Provided by the present invention for improving web crawlers stability, the data processing method of availability, can be with automatic identification The unstructuredness change of Webpage, and using the data pick-up logic of self adaptation, without frequent maintenance, cost has been saved, together When improve the stability that web data is crawled, possess more preferable universality.
Preferably, the step S1 includes:The corresponding label of the feature and current page specified in advance is compared one by one, if not Unanimously, then it is assumed that the current page there occurs that local structure changes.
Preferably, the step S2 includes:Obtain the html file of the current page;Extracted from the html file The content in content and div tag in Table labels;Current page described in content obtaining in the Table labels Topology layout, according to the current page topology layout parsing content;Described in content obtaining in the div tag The topology layout of current page, the topology layout parsing content according to the current page.
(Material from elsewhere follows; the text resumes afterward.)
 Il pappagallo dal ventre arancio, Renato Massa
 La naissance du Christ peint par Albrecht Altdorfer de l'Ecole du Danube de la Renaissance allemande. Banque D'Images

Preferably, the topology layout of current page described in the content obtaining in the Table labels, according to institute The topology layout parsing content of current page is stated, including:Detect the title division in the Table labels;Extract the Table Except the various dimensions information of title division in label;The various dimensions information according to extracting judges topology layout;According to the knot Structure layout obtains business datum.
Preferably, the topology layout of current page described in the content obtaining in the div tag, according to described The topology layout parsing content of current page, including:Obtain what is matched with known business field name from the div tag Label, and the position judgment topology layout according to the label for matching in div tag, business number is obtained according to topology layout According to.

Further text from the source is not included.